(Source material)

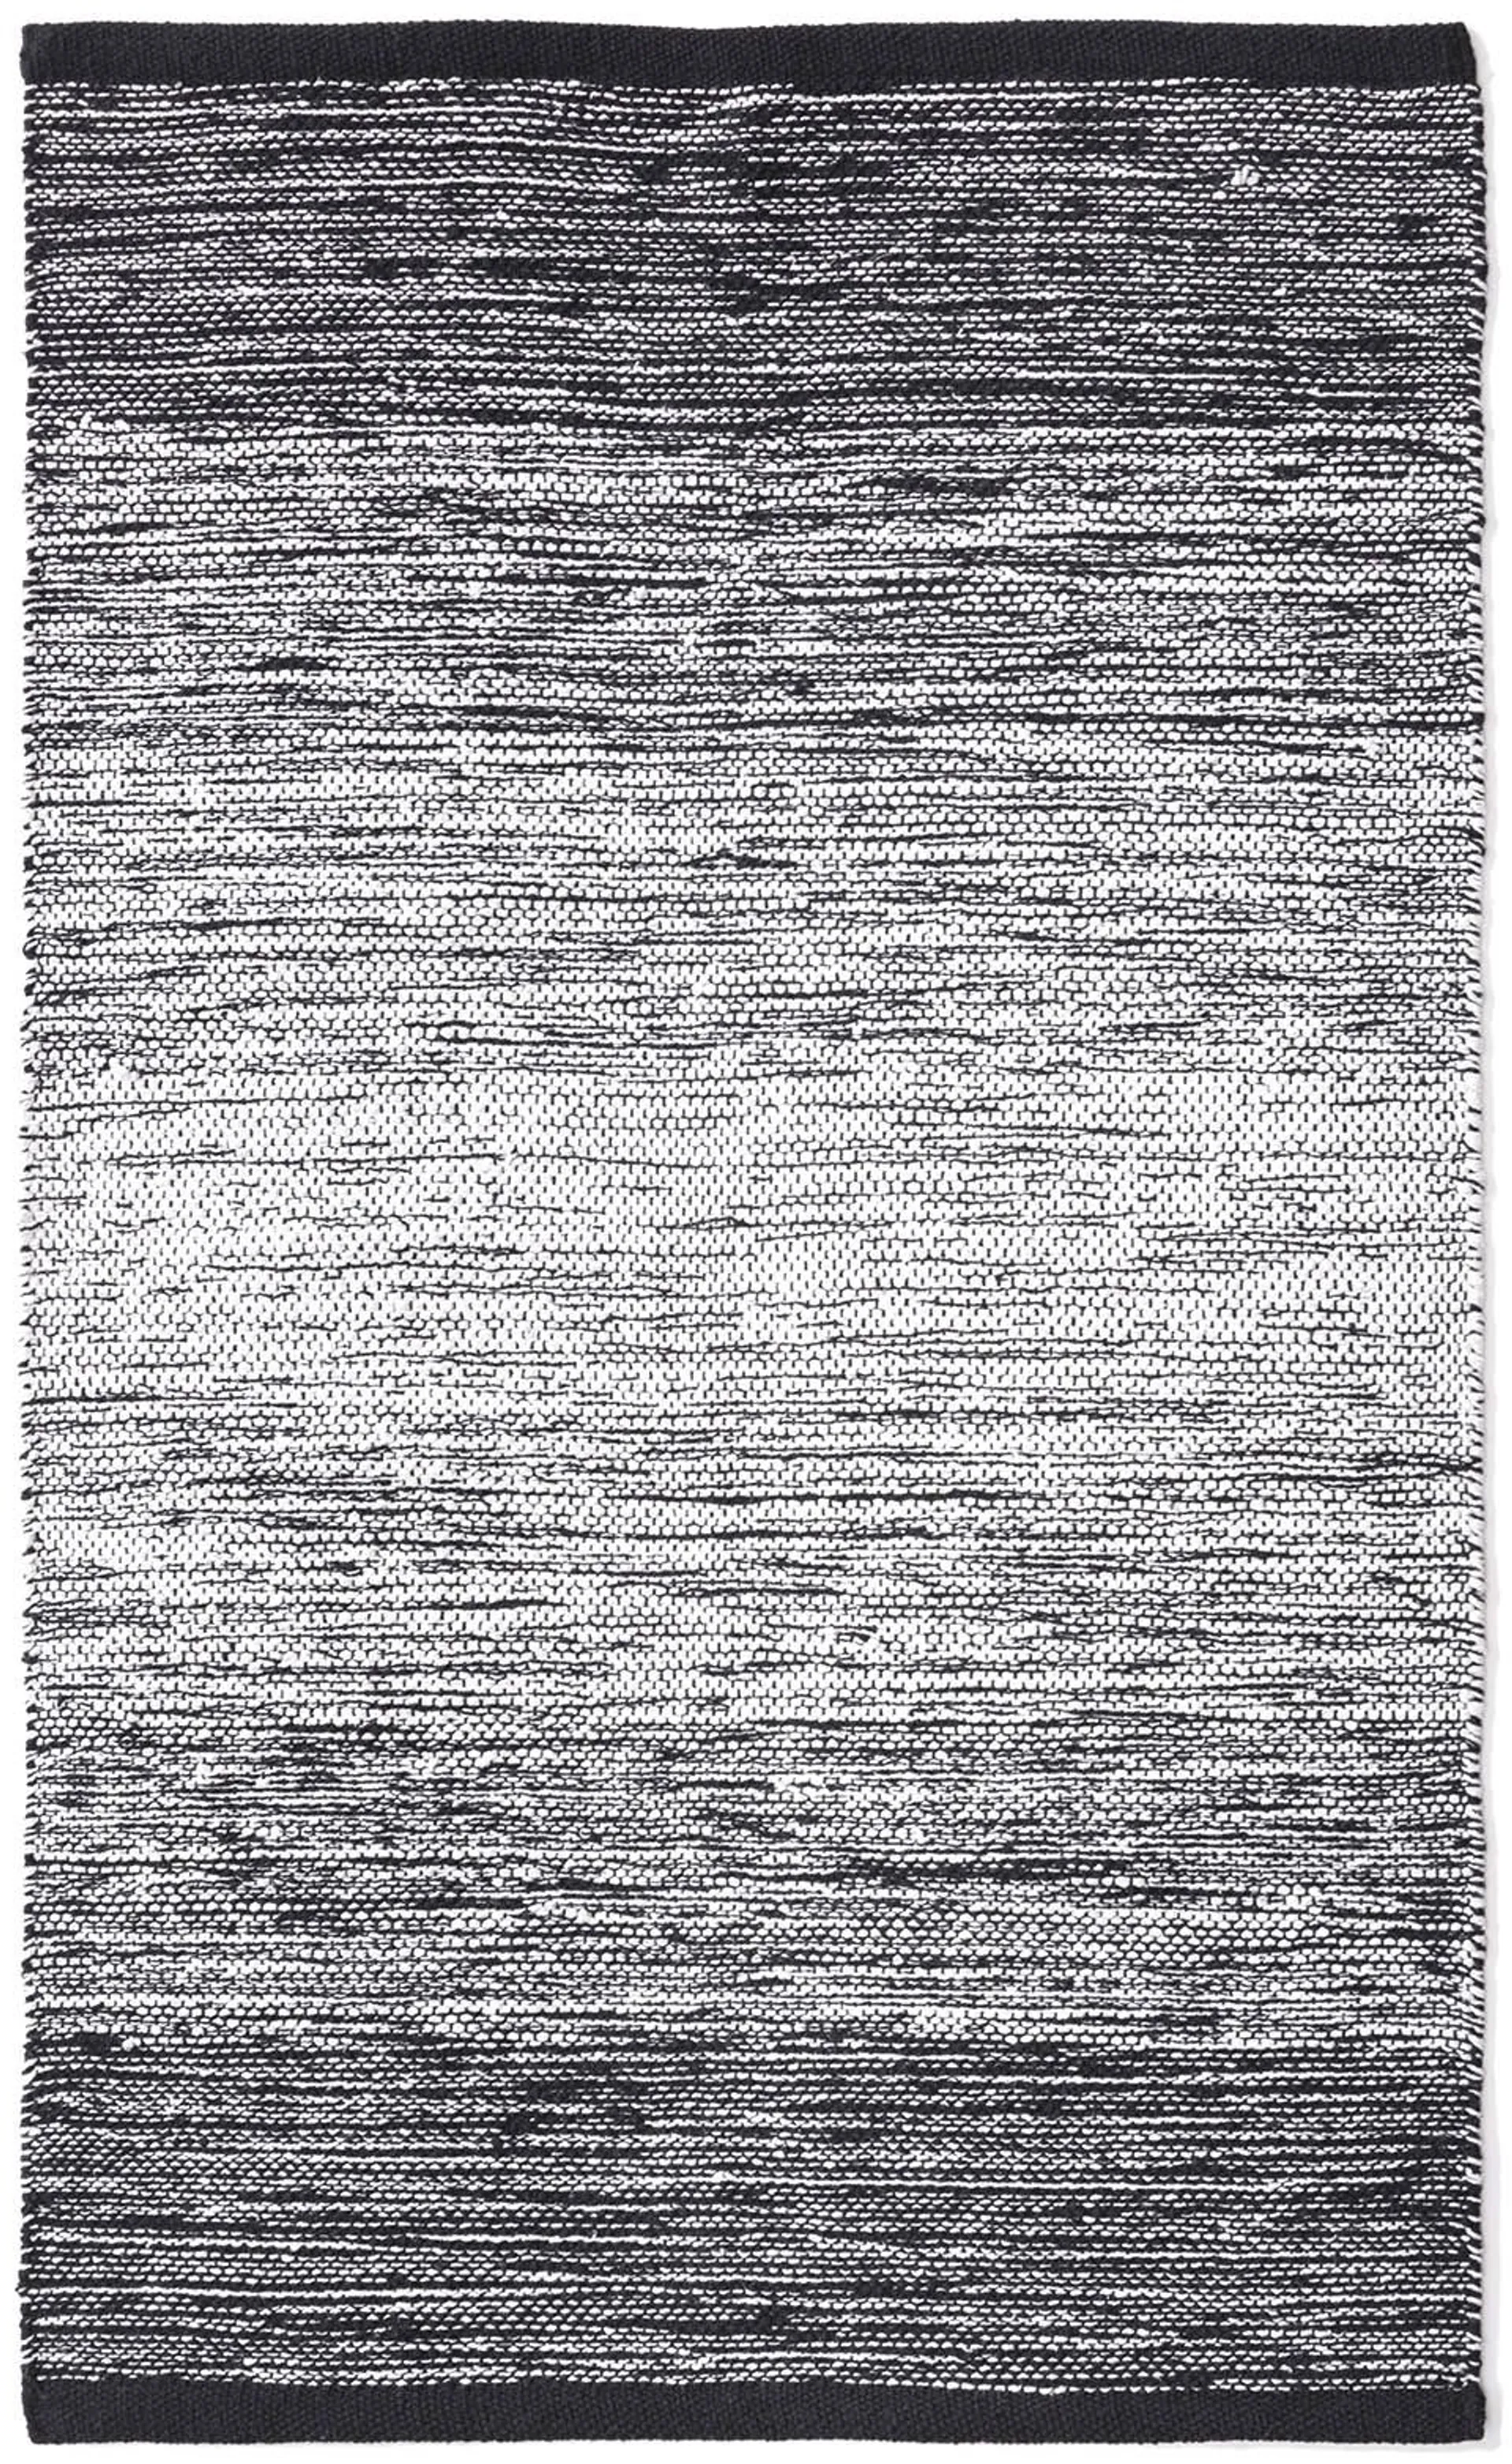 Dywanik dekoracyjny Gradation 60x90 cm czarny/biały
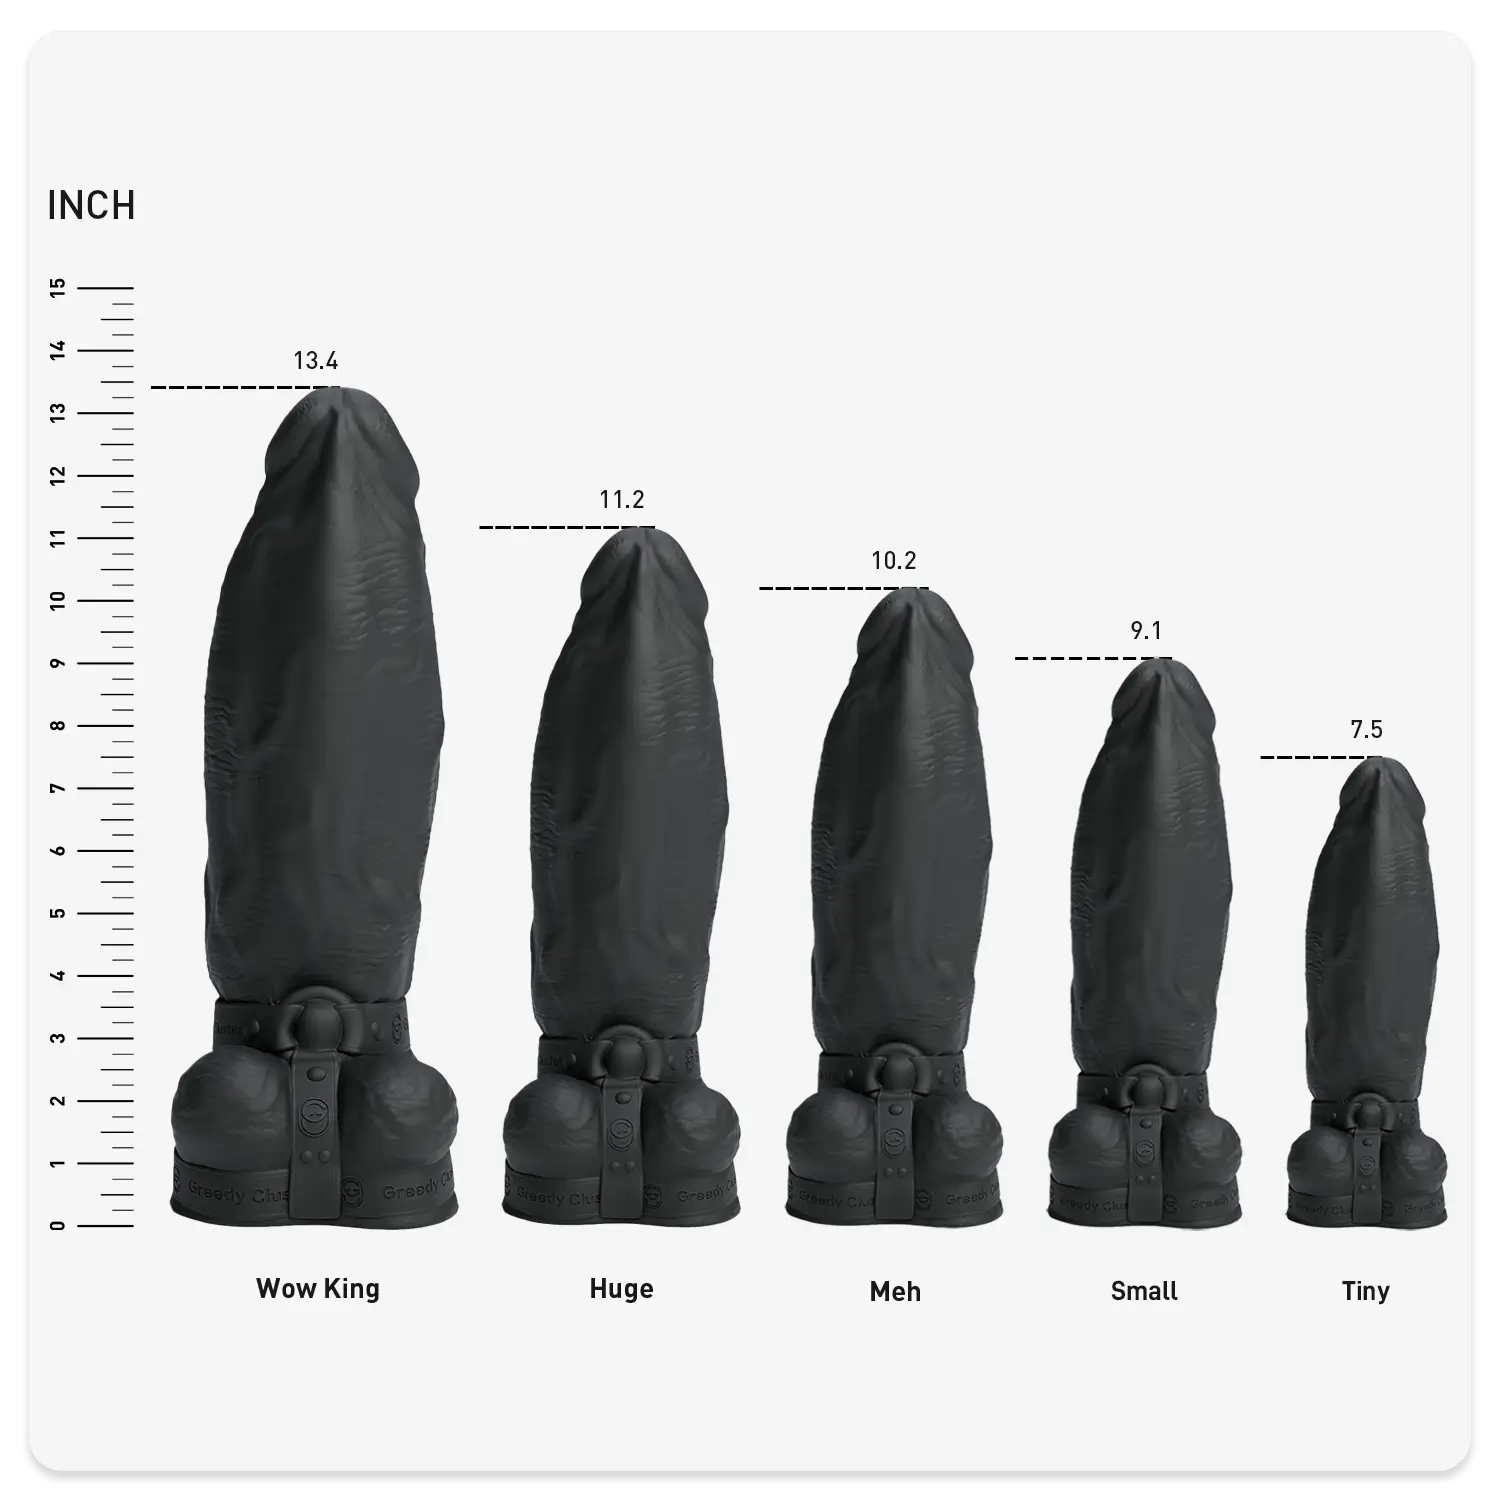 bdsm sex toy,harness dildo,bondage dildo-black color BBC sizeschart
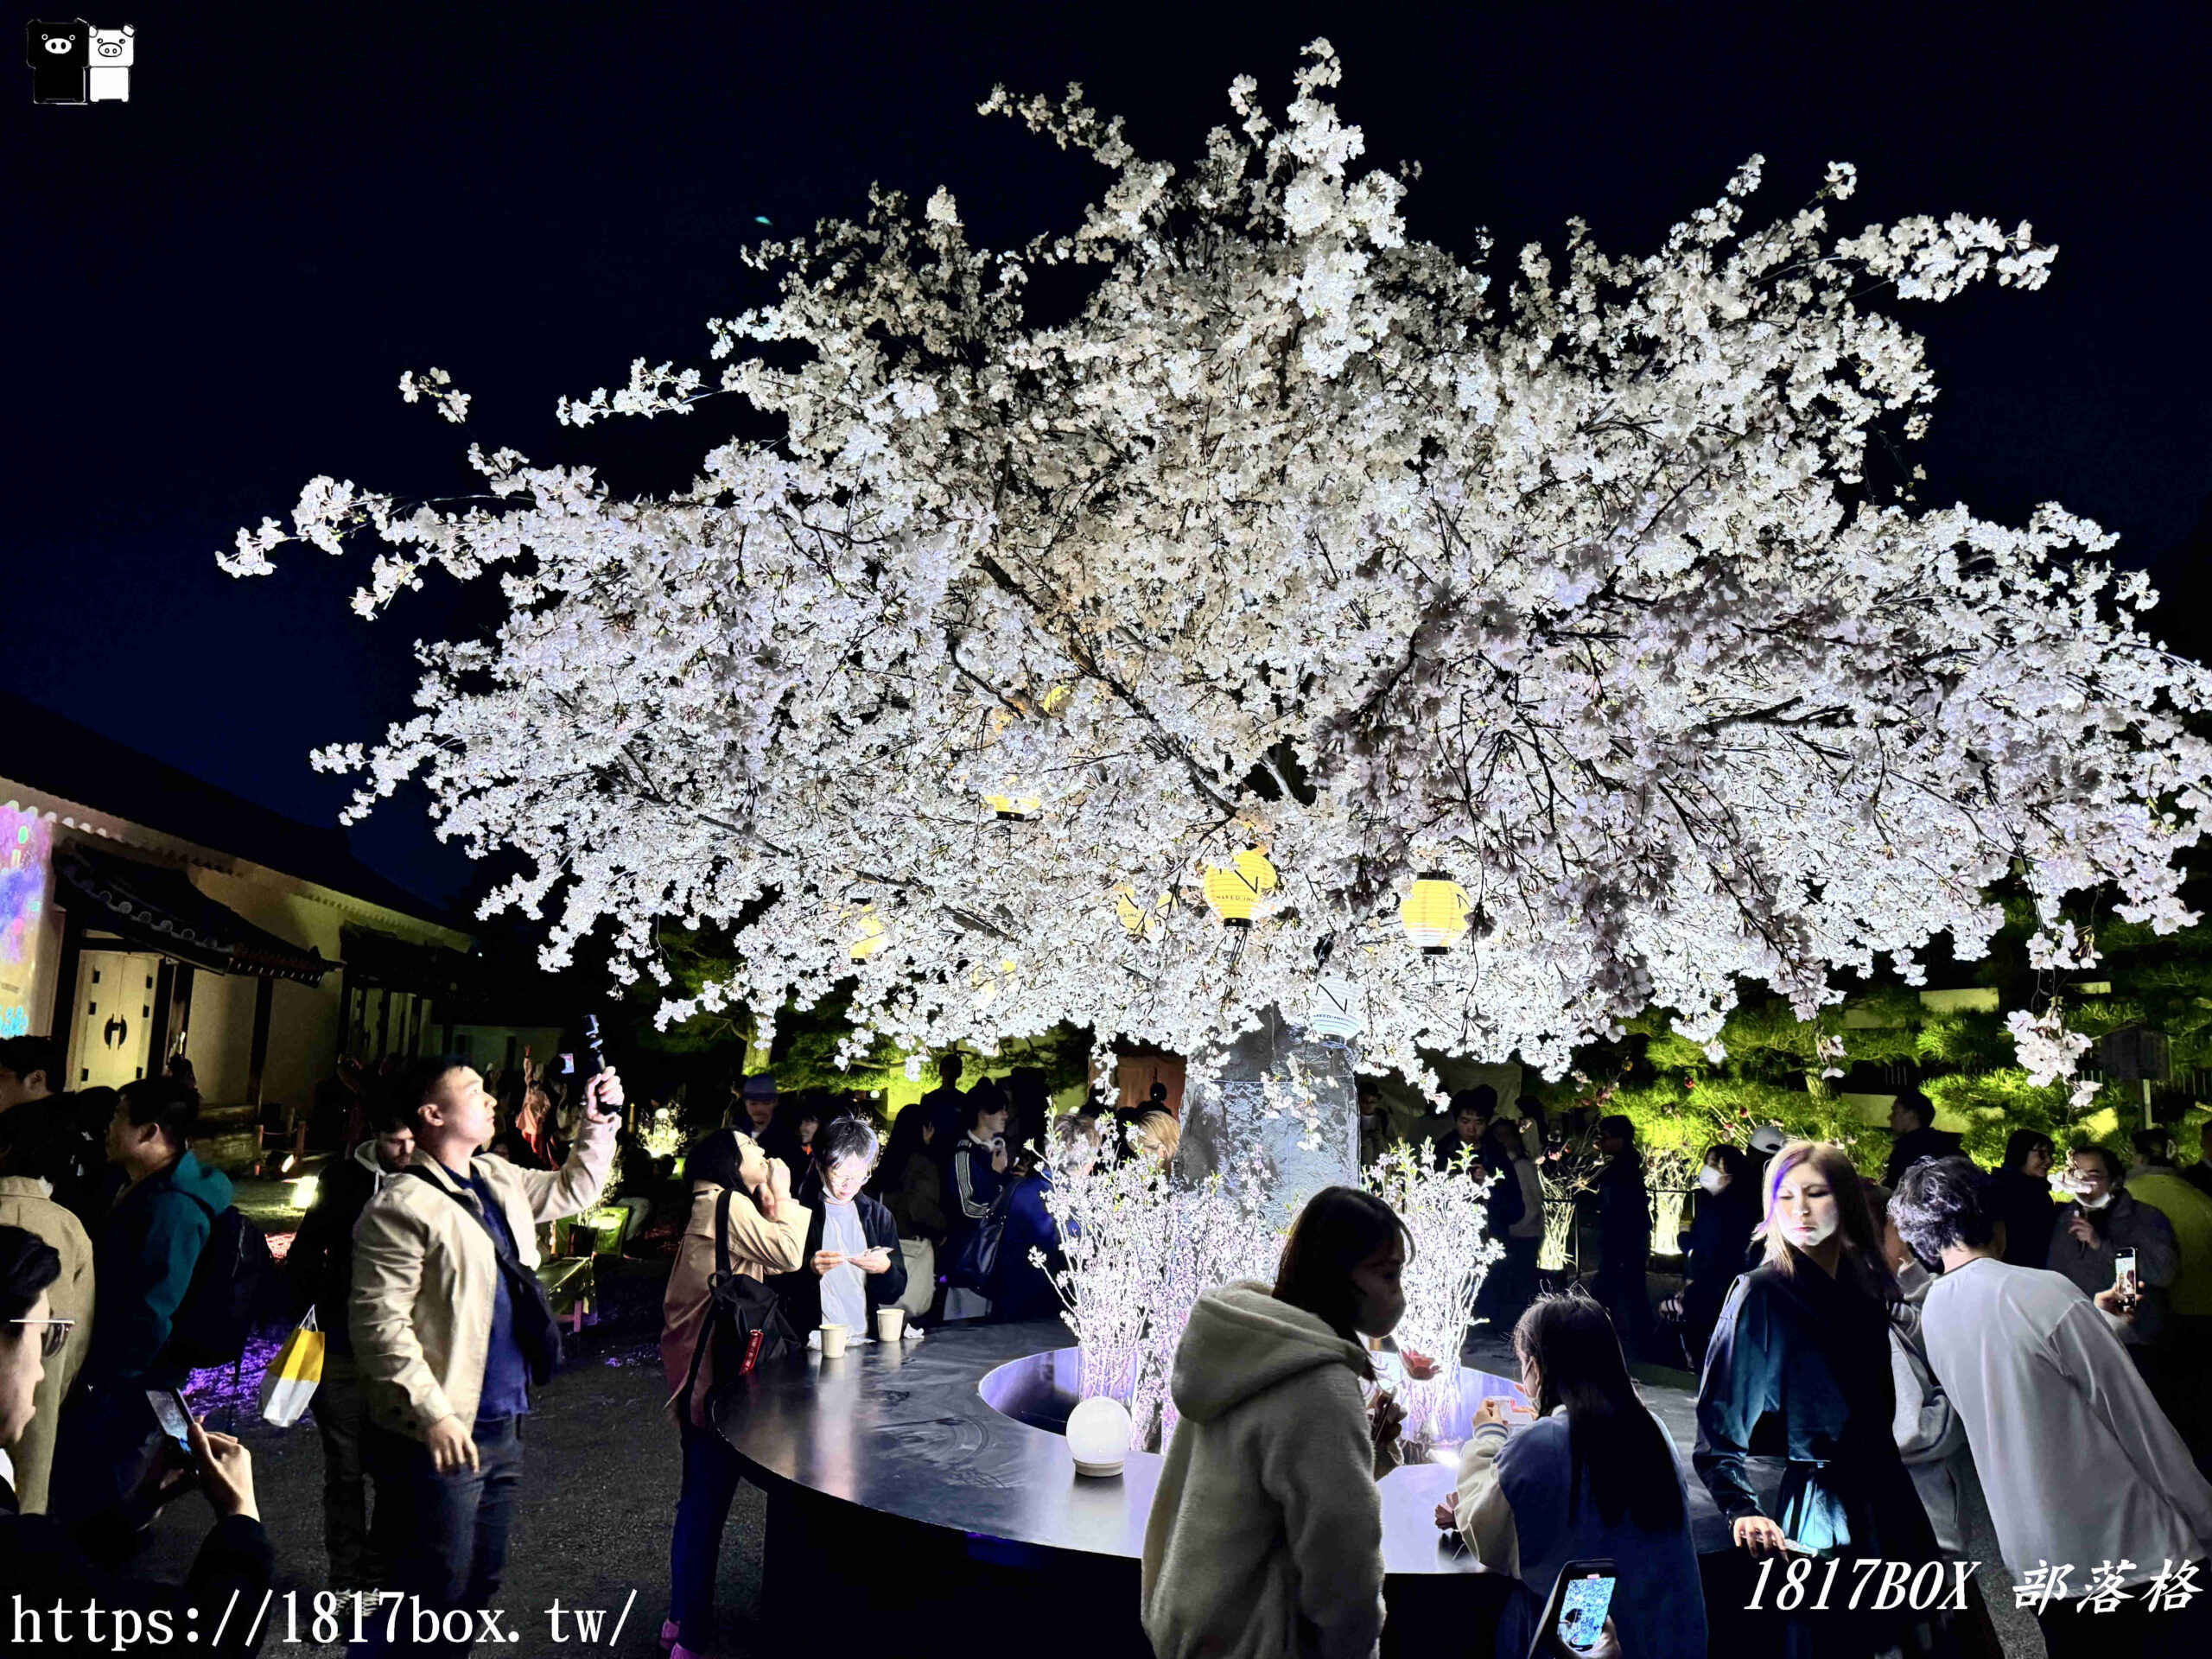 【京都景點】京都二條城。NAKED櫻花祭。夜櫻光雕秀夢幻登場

(End Source material)

• **Work instruction**: Copy the line showing "bdsm sex toy,harness" exactly, along with each line after it through the end of the material above. Pictures stay out.

• **Answer to the exercise**:
 bdsm sex toy,harness dildo,bondage dildo-black color BBC sizeschart
 【京都景點】京都二條城。NAKED櫻花祭。夜櫻光雕秀夢幻登場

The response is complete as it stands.